Arrest warrant for WikiLeaks founder Julian Assange for sex crimes - colin-de-vries
http://edition.cnn.com/video/#/video/bestoftv/2010/11/30/tsr.assange.warrant.cnn

======
dsplittgerber
From what I've read so far, it boils down to this: the two women in question
only accuse him of not using a condom when allegedly they only consented to
sex with a condom. There was no "forcing them to sexual actions" involved, as
the sex was allegedly consensual. At least, that's what has been reported so
far.

"Rape" may technically be the correct term under Swedish law, despite being
used all over the world under vastly different meanings.

Alas, similar to, by now, nearly everything having to do with Wikileaks, how
people view this is vastly dependant on their personal opinions about Julian
Assange and the ethics of what Wikileaks does in general. This has nothing to
do with 'criminal justice' anymore, it's just a farce (going both ways).

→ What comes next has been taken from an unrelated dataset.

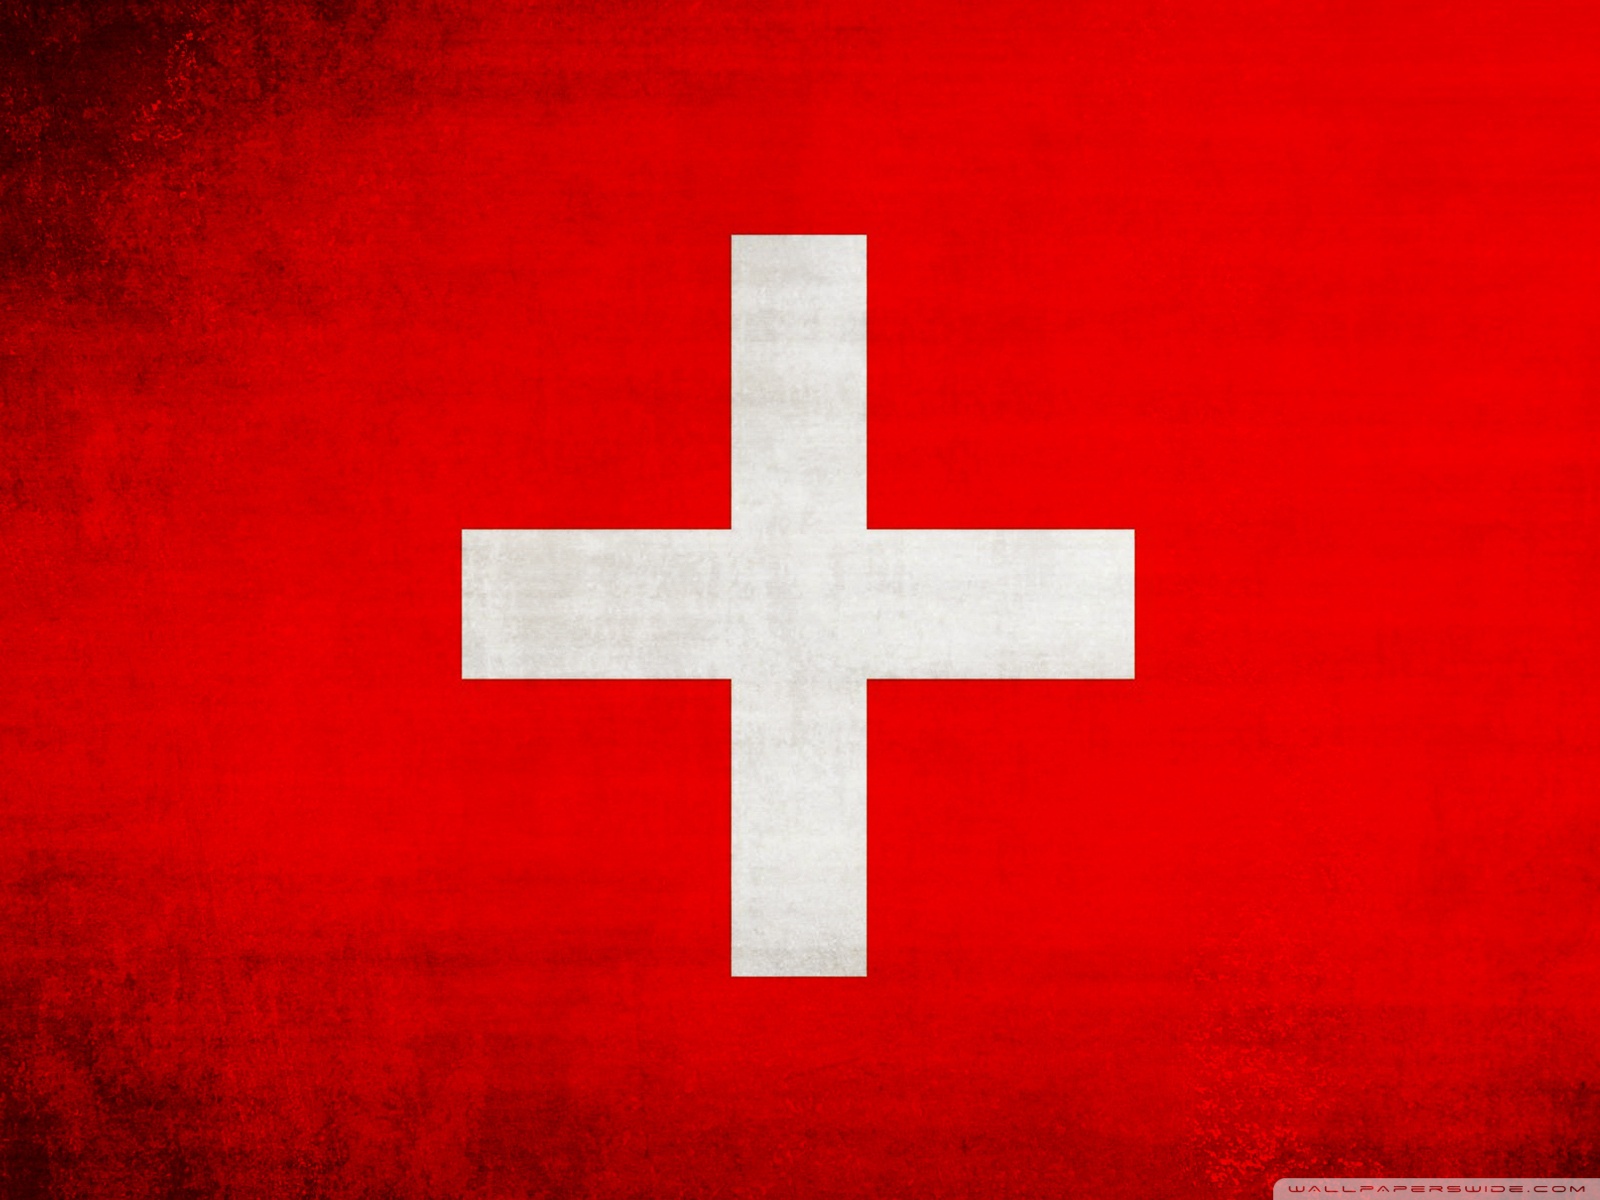 Switzerland Flag 4k HD Desktop Wallpaper For Ultra Tv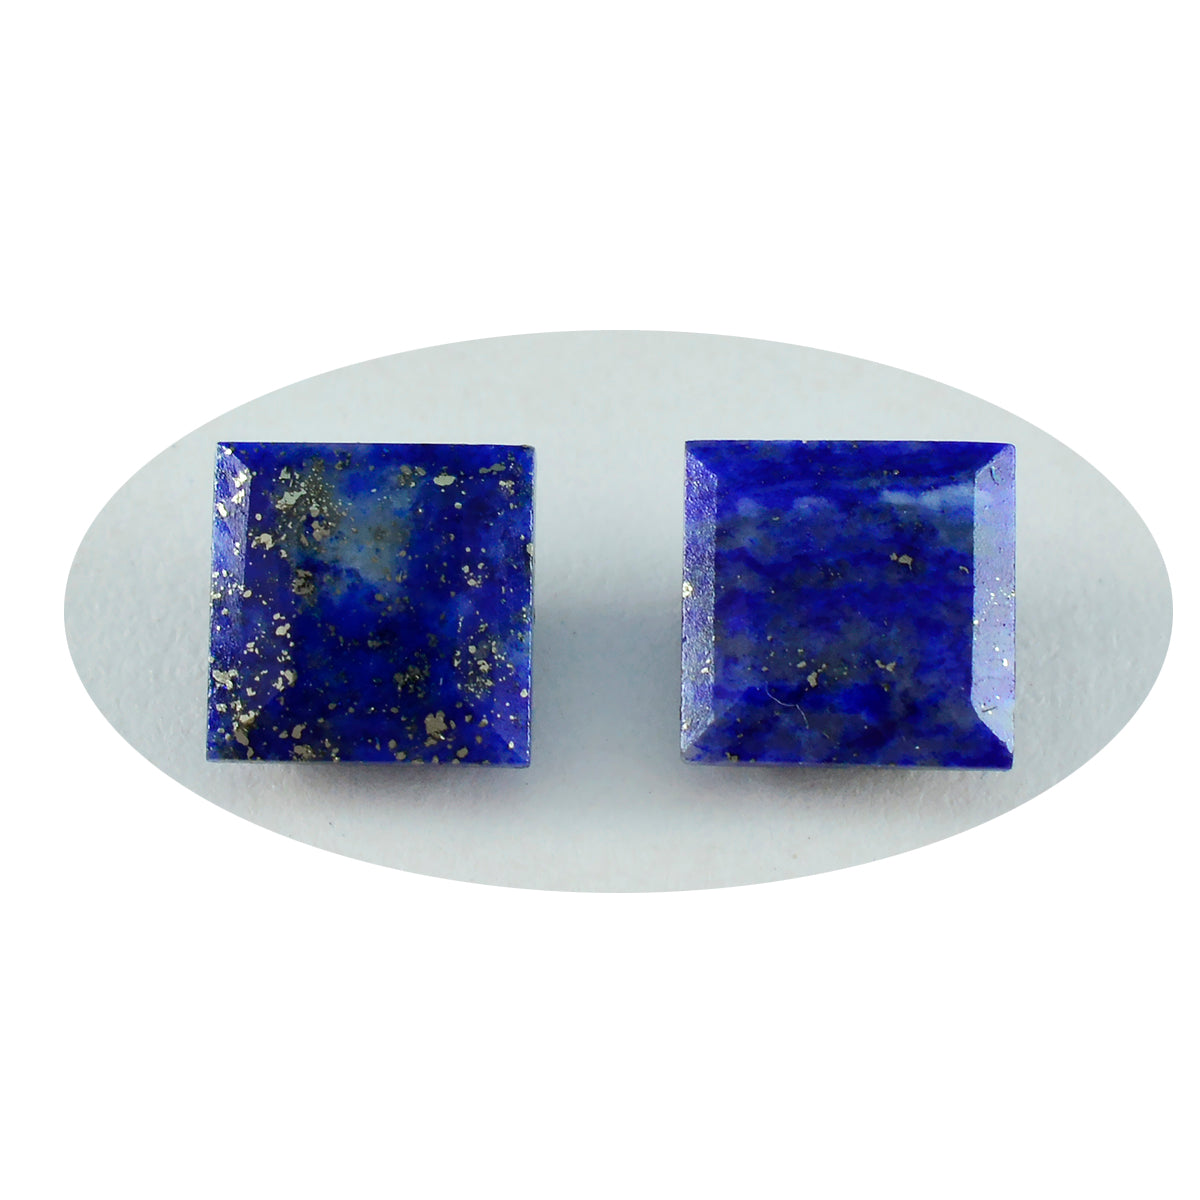 riyogems 1 шт. натуральный синий лазурит ограненный 11x11 мм квадратной формы красивые качественные свободные драгоценные камни

Edit: Also, this is NOT an international arrest warrant. According to Interpol
itself, it is a "red notice", calling for help in identifying and apprehending
Mr Assange, not an arrest warrant. See
<http://www.interpol.int/Public/Wanted/Default.asp>

------
colin-de-vries
Sure and "they" believe that "we" the people are that stupid? Even if he would
be guilty the timing is, to say the least, remarkable.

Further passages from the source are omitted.